At this point, I would like to suggest Dino (and maybe also
you, Iljitsch) to have another look at sprite-mtu and send
comments, since many of these points are already addressed
in that document.
> >> You can't fragment IPv6 packets or IPv4 packets with DF=1.
>
> > Right, you have to obey the protocol spec. So packets will get
> > dropped with DF=1. And people turn off ICMP messages as well.
>
> In my opinion, building devices that can't forward 1500-byte packets
> without fragmentation and deploying them in ISP networks is a non-
> starter*. You ruled out reassembly by ETRs so this means that we
> either have to compress the encapsulation overhead to 0 bytes (=
> translation) or we have to require larger MTUs in the entire path
> between any ITR and any ETR.
Working toward larger MTUs in the entire path is IMHO the
right and proper thing to do - more BCP material. But, we
won't get there overnite.
> * You could have ITRs that can't handle 1500 bytes if those are under
> the control of the source site because then the source site can make
> sure that the too bigs the ITR generates are acted upon. But if there
> are _some_ ITRs that need to send 1500+ byte packets then _all_ ETRs
> must support this, too.
I don't necessarily agree that all ETRs need to *support*
1501+ packets, if that is what you mean to say. ITRs
should send 1501+ with the understanding that they are
at risk of loss due to MTU restrictions. It would be
helpful for the ITR to be able to probe the path to the
ETR (and for the ETR to respond to probes), but that does
not mean that the ETR necessarily has to accept anything
larger than 1500.
> > So what's the difference if packets get lost doing a mapping lookup
> > (everyone is so sensitive to packet drops there) but for MTU
> > discovery purposes it's okay to drop packets?
>
> Depends on how many packets get dropped. But the fundamental
> difference is that between dropping the first packet or a later one.
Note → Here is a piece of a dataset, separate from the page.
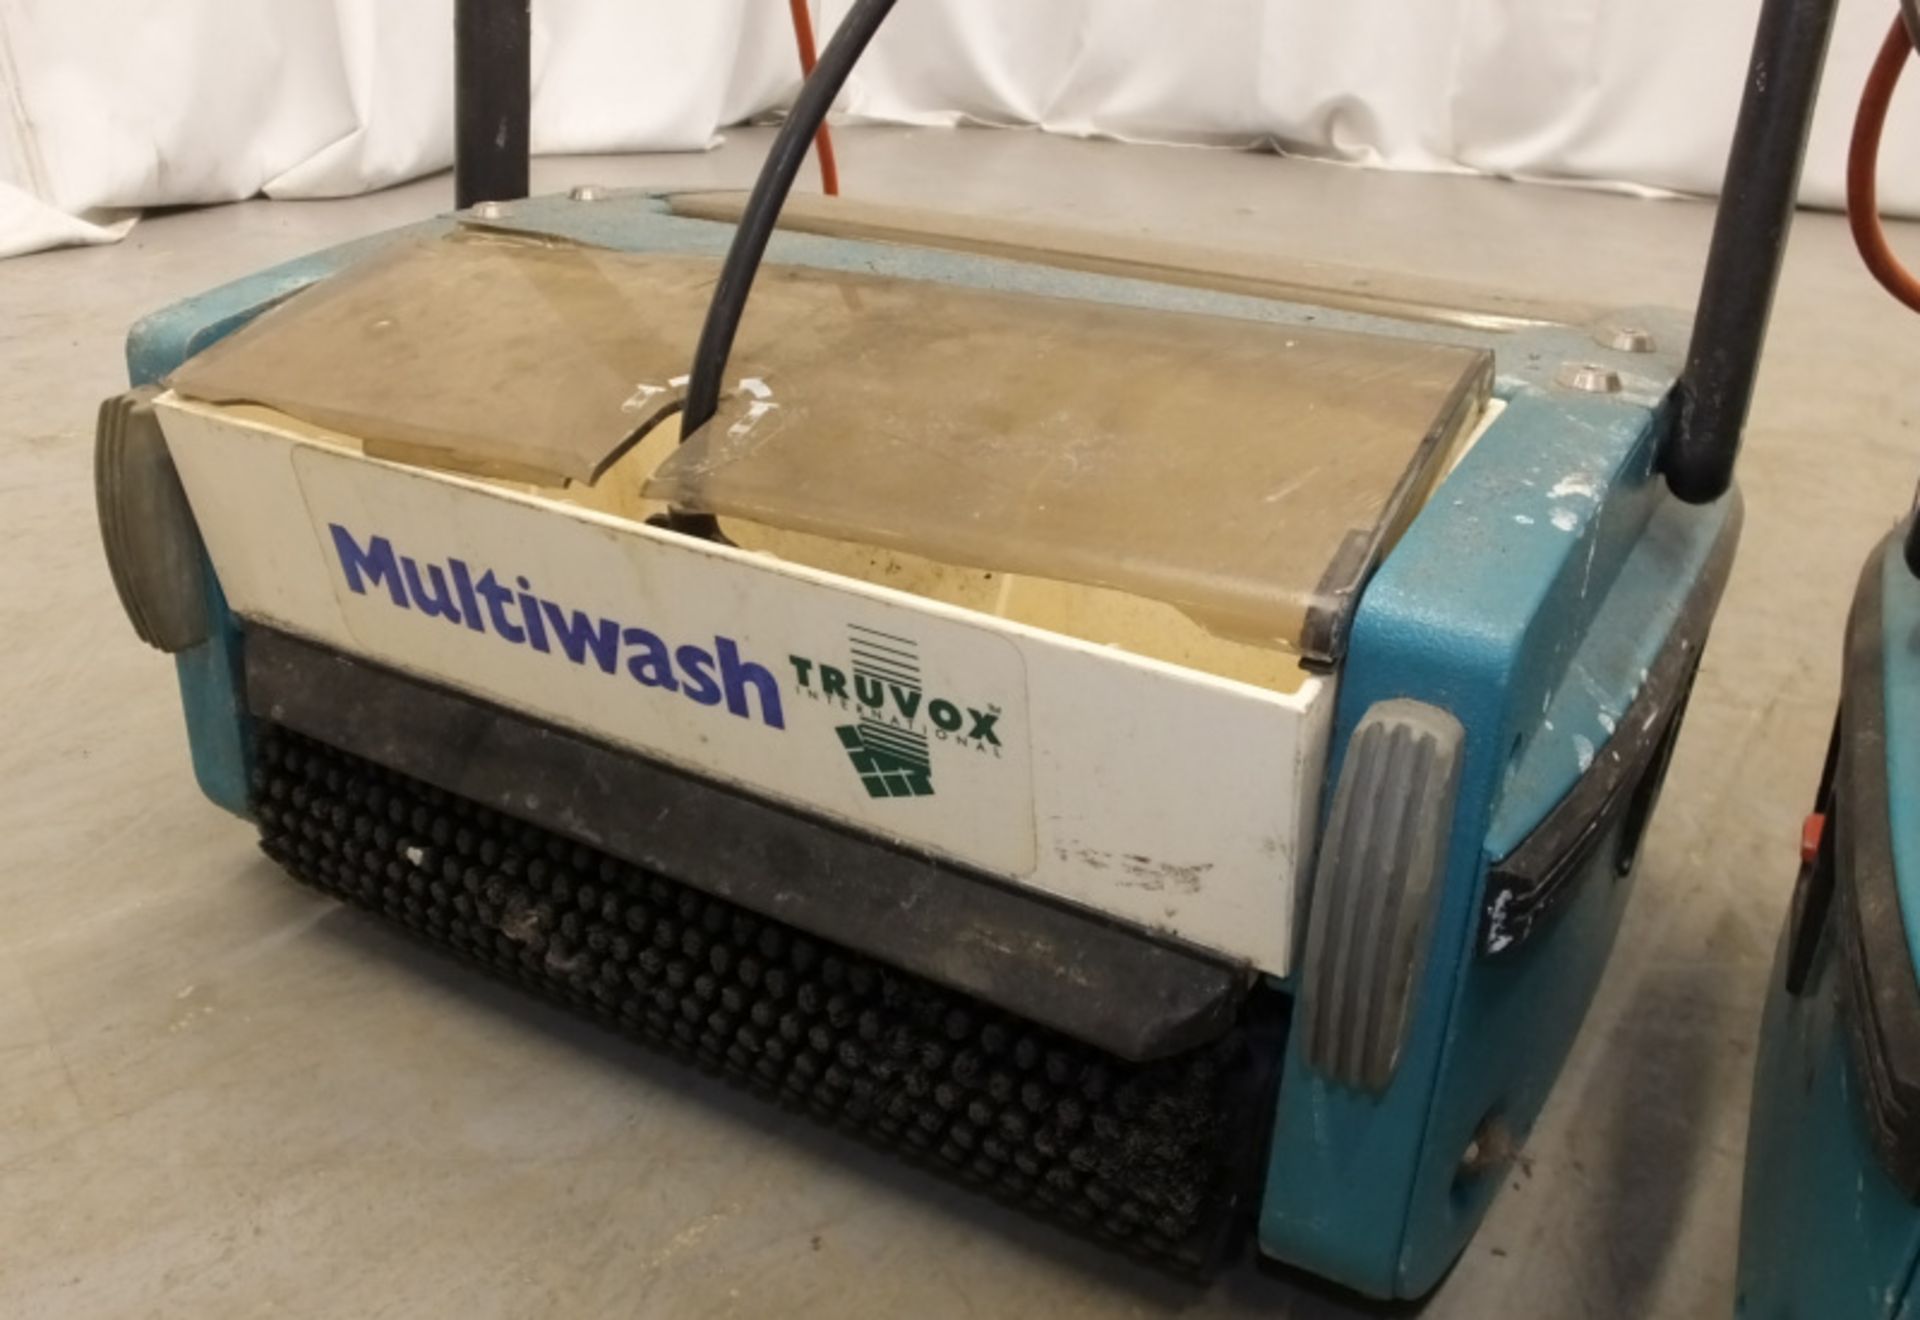 2 x Truvox Multiwash MW340 Scrubber Dryers - damage to both units as seen in pictures - Image 3 of 5

> With the first packet, TCP doesn't know if the other side is reachable
> and it doesn't have an RTT estimate yet, so recovering from that is a
> lot slower. Also, if PMTUD is properly deployed, the packet that was
> too big will be immediately resent after receiving the too
> big message.
>
> > Do you think 1500 byte MTU links will still be around say 5 years
> > from now? Maybe it's time to clean up some links on the network. I'm
> > sure vendors can provide incentive to do this. ;-)
Yes, let's push for this - more BCP material. We won't get
there overnight, but we should strive to get there asap.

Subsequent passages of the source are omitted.